Fish samples were spiked by adding 25 μL of a mixture standard solution prepared in acetonitrile to 4 g of sample placed in a 15-mL SPME vial. Fortification levels were in the range 0.5–10 ng g−1. The spiked samples were homogenized by manual shaking for 5 min and kept at room temperature for 3 h before being analyzed.
Results and discussion
Chromatographic conditions
The capillary column coated with a nonpolar stationary phase, HP-5MS, was selected according to the nonpolar character of PAHs. Several temperature programs and helium pressure values were tested in order to elute the compounds in the lowest time, and the selected conditions are summarized in the “Experimental” section. The retention times for each compound are shown in Table 1. Three specific ions (the quantification ion and two for confirmation purposes) were monitored for each PAH. The quantification ion and the qualifier-to-quantification ion ratios for each compound are indicated in Table 1 too.
SPME conditions
Selection of the fiber type and SPME mode
These SPME parameters were optimized using 2 g of a canned tuna sample (spiked with the PAHs at concentration levels ranging from 10 to 20 ng g−1, depending on the compound), suspended in 5 mL of water for each analysis. All experiments were carried out in duplicate. The nonpolar PDMS, medium-polar PDMS/DVB and polar PA coatings were investigated and the highest extraction efficiencies were attained for most compounds with the medium-polar PDMS-DVB fiber, due to the π–π interactions between DVB and the aromatic rings of the analytes. As expected, because of the nonpolar character of the analytes, the lowest adsorptions were obtained using the PA fiber.

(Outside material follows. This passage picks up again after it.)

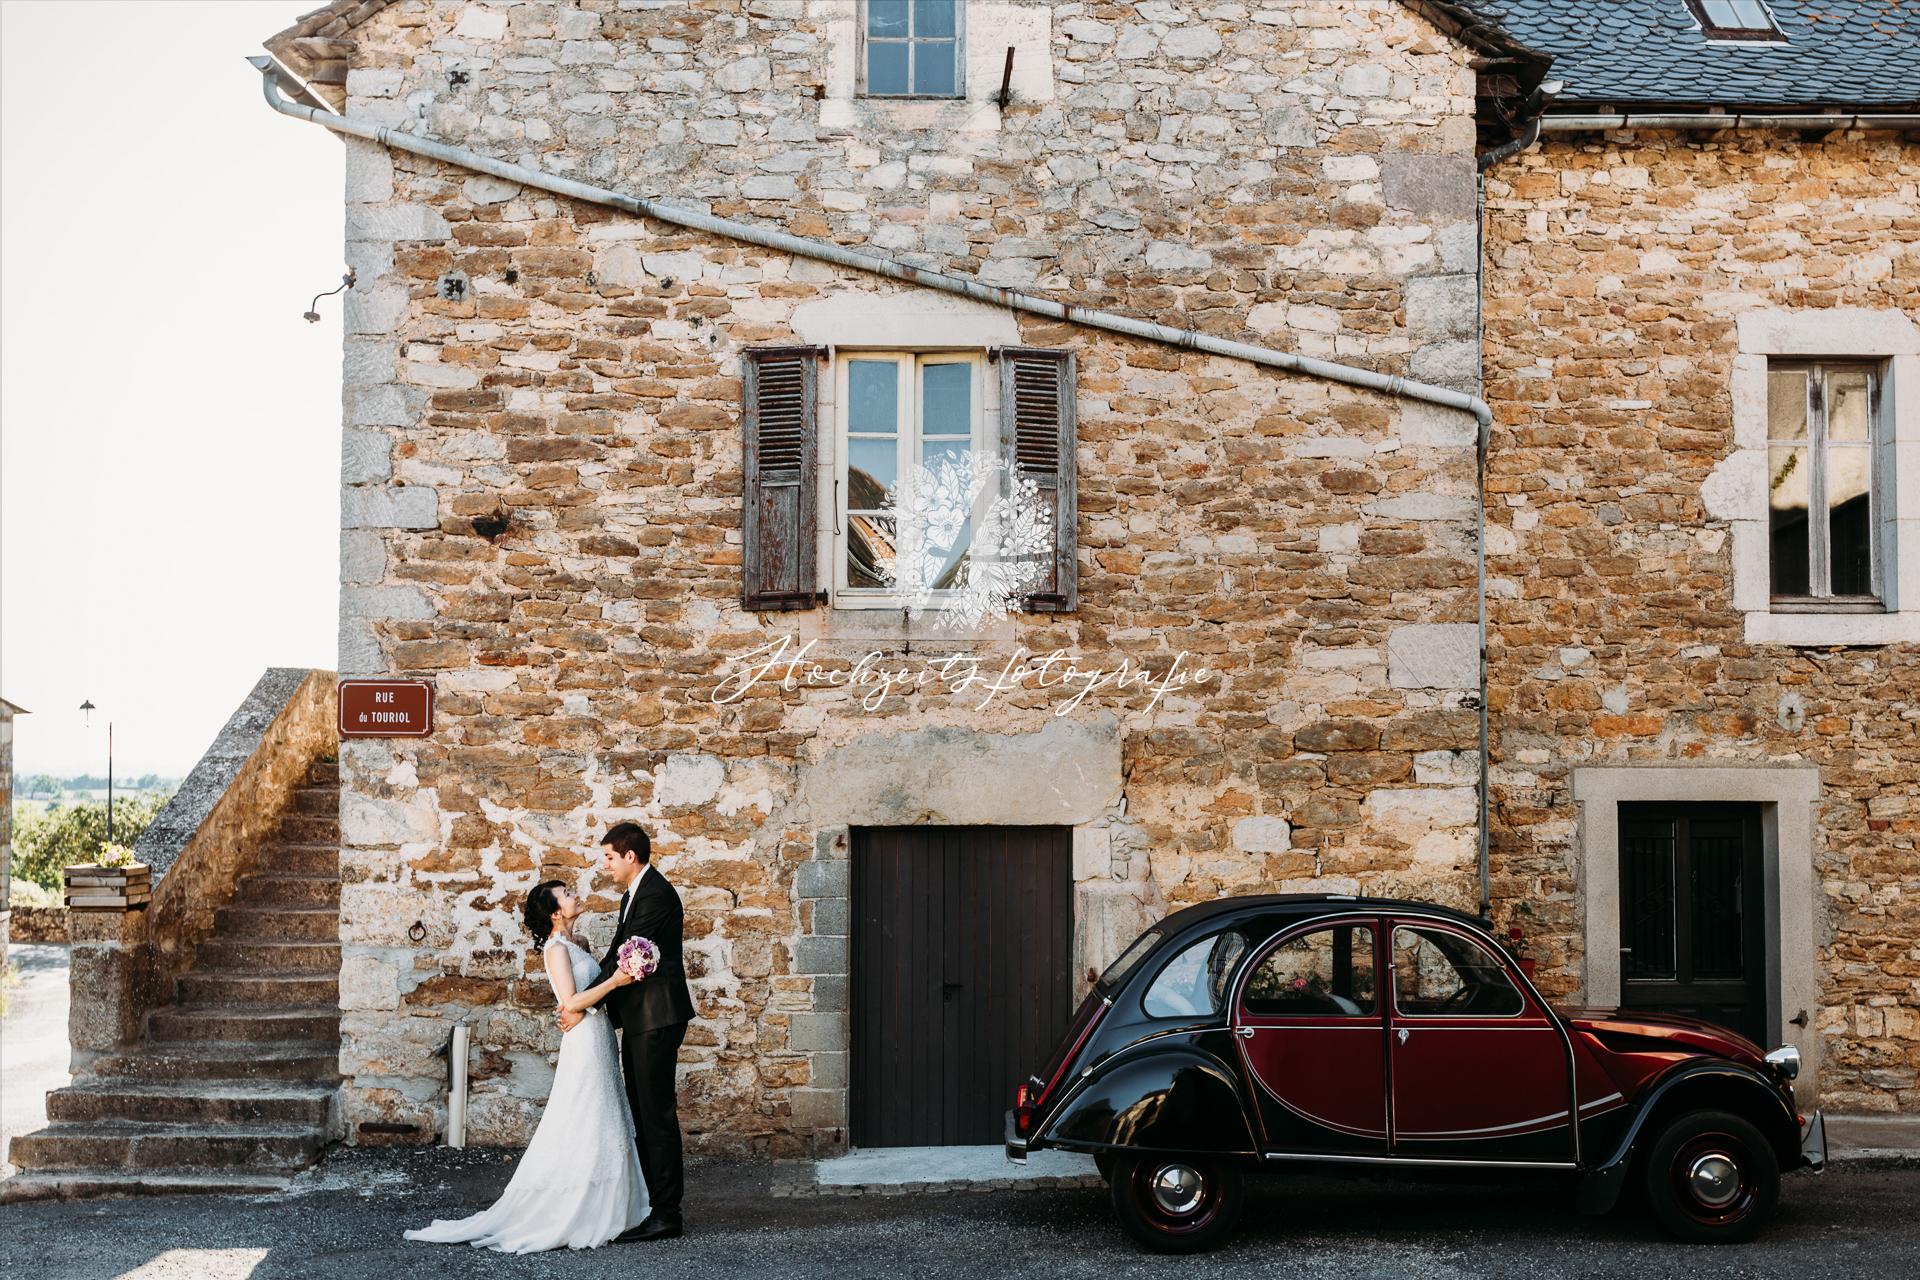 fotonen_Hochzeitsfotograf_leipzig-france_wedding

Both headspace (HS) and direct immersion (DI) SPME extraction modes were checked by exposing the fiber to the sample for 60 min at 75 °C and 40 °C, respectively. The sample solution was not stirred when the DI mode was tested because the suspended particles might damage the fiber. The high background obtained with DI, especially in the 128 ion chromatogram, hindered the integration of peaks when the fiber was immersed in the extraction solution, and so HS mode was selected. In this way, fibers could be used for 95–100 analyses under the selected conditions.

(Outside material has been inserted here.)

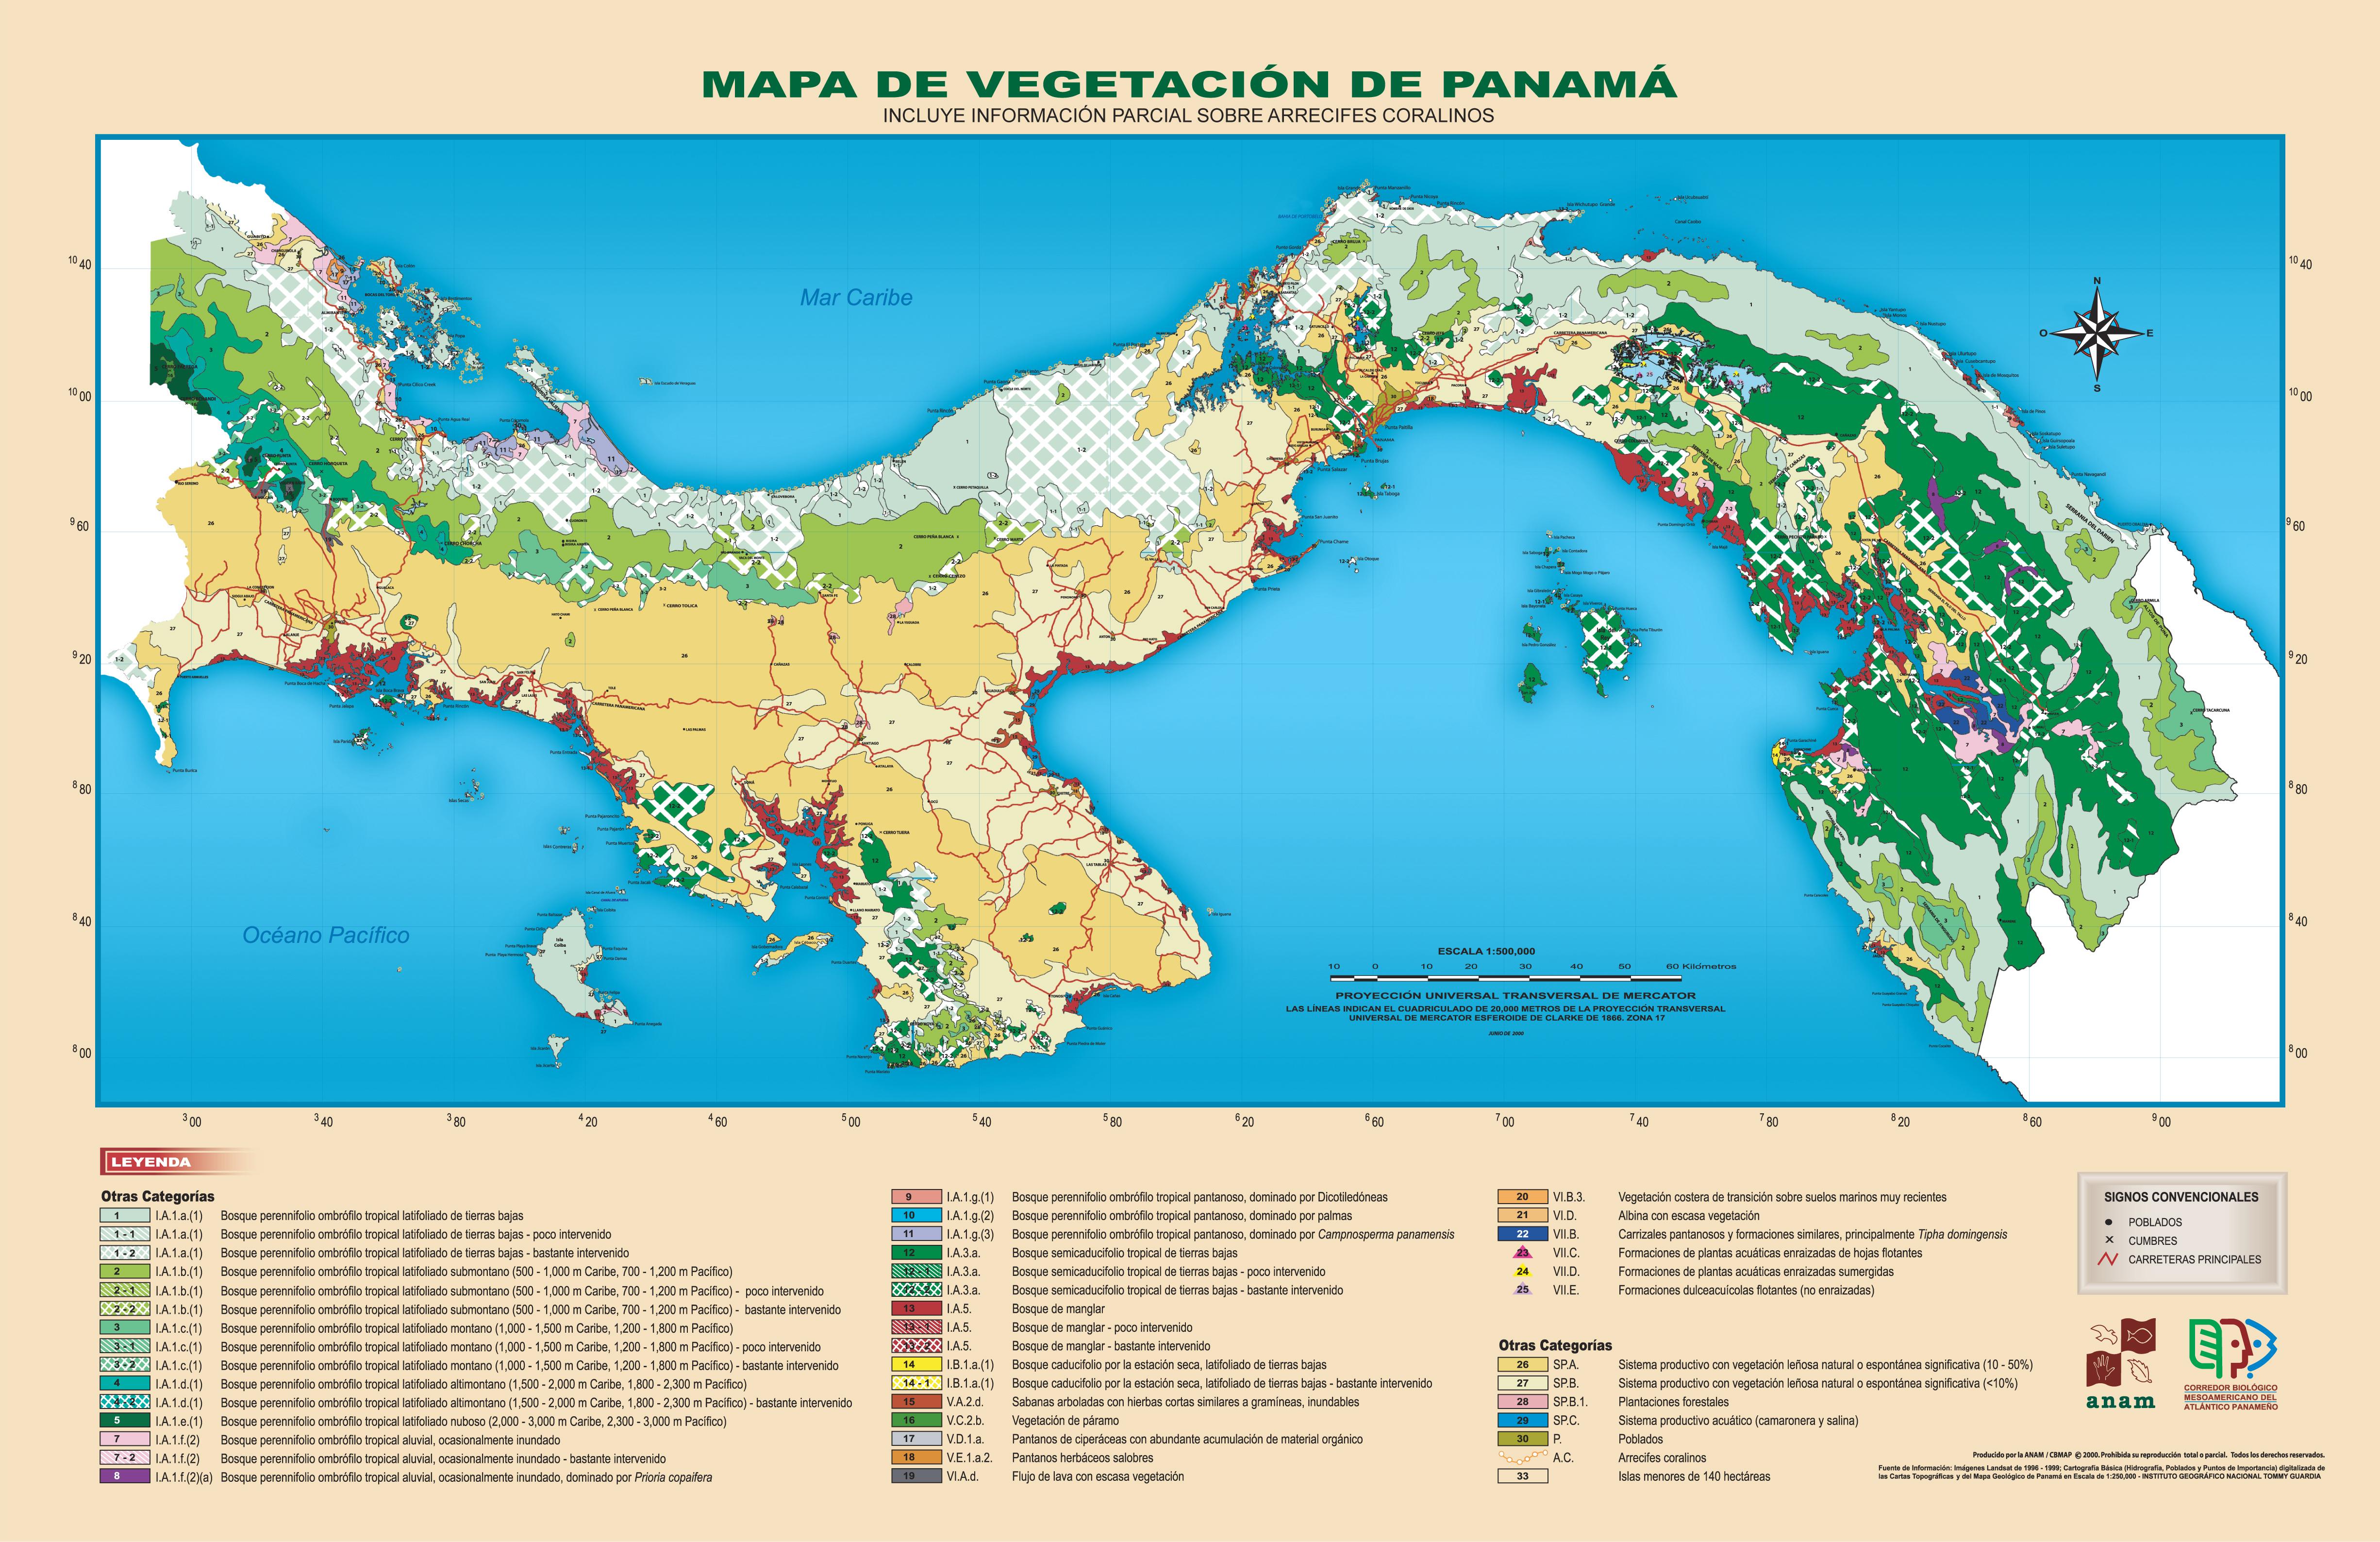 Mapa de vegetación de Panamá 2000

Addition of sodium chloride
The addition of salt might increase the PAH extraction efficiency in HS by reducing their solubility in the extraction solution. Therefore, the effect of the ionic strength was studied by varying the sodium chloride concentration between 0 and 36% (w/v). PHEN, AN, FLUR and PY signals increased up to a 24% (w/v) salt concentration and then decreased. However, the other compounds showed slightly lower signals with increasing salt concentration. A 24% (w/v) sodium chloride concentration was finally selected in order to enhance the sensitivity of the most strongly retained and less sensitive compounds.

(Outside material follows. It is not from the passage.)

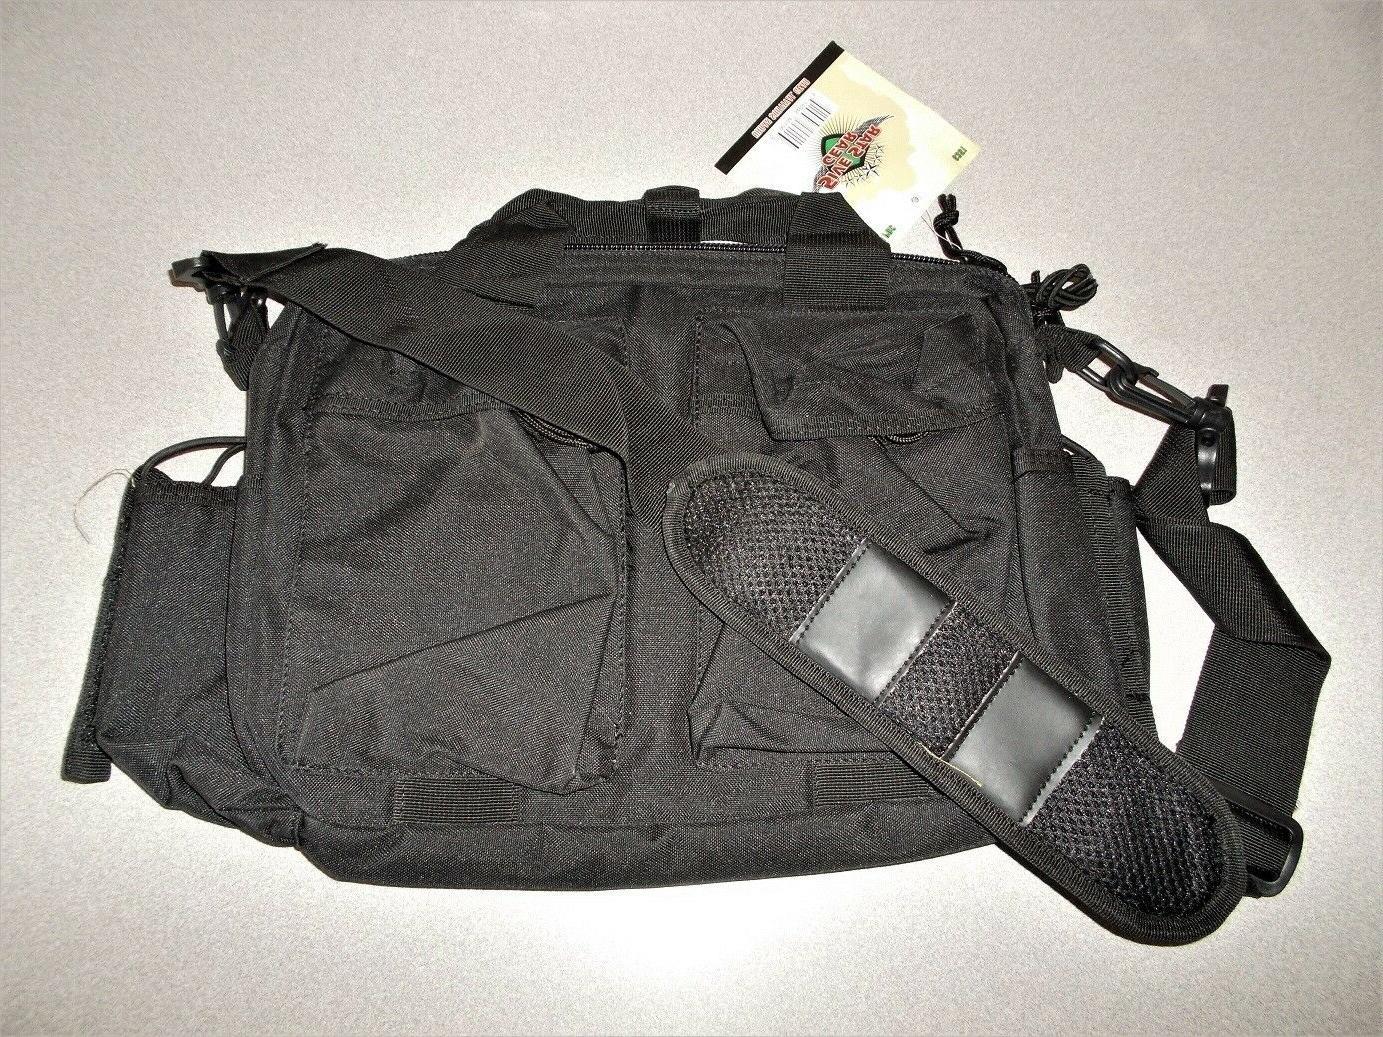 Tactical case Gear Atlanco black 6351

Extraction temperature and time
The influence of the adsorption temperature was tested in the 55–85 °C range. As expected, the extraction efficiency increased with temperature for all of the compounds, as shown in Fig. 1a. This effect was highly marked for four-ring PAHs, for which a tenfold increase in peak area was obtained in the temperature range studied. Nevertheless, the repeatability was poor (RSD>30%) when temperatures higher than 75 °C were used, and so this value was selected.
Influence of adsorption temperature (a) and adsorption time (b) on the peak area
The extraction time was studied between 20 and 90 min (Fig. 1b). As can be seen, maximum sensitivity was attained at 60 min for all of the compounds, after which time the signals decreased. An adsorption time of 60 min was therefore adopted.
Stirring speed
When the stirring speed was varied between 100 to 2000 rpm, the highest sensitivity was obtained at 730 rpm for all compounds, and so this speed was adopted (see Fig. 2).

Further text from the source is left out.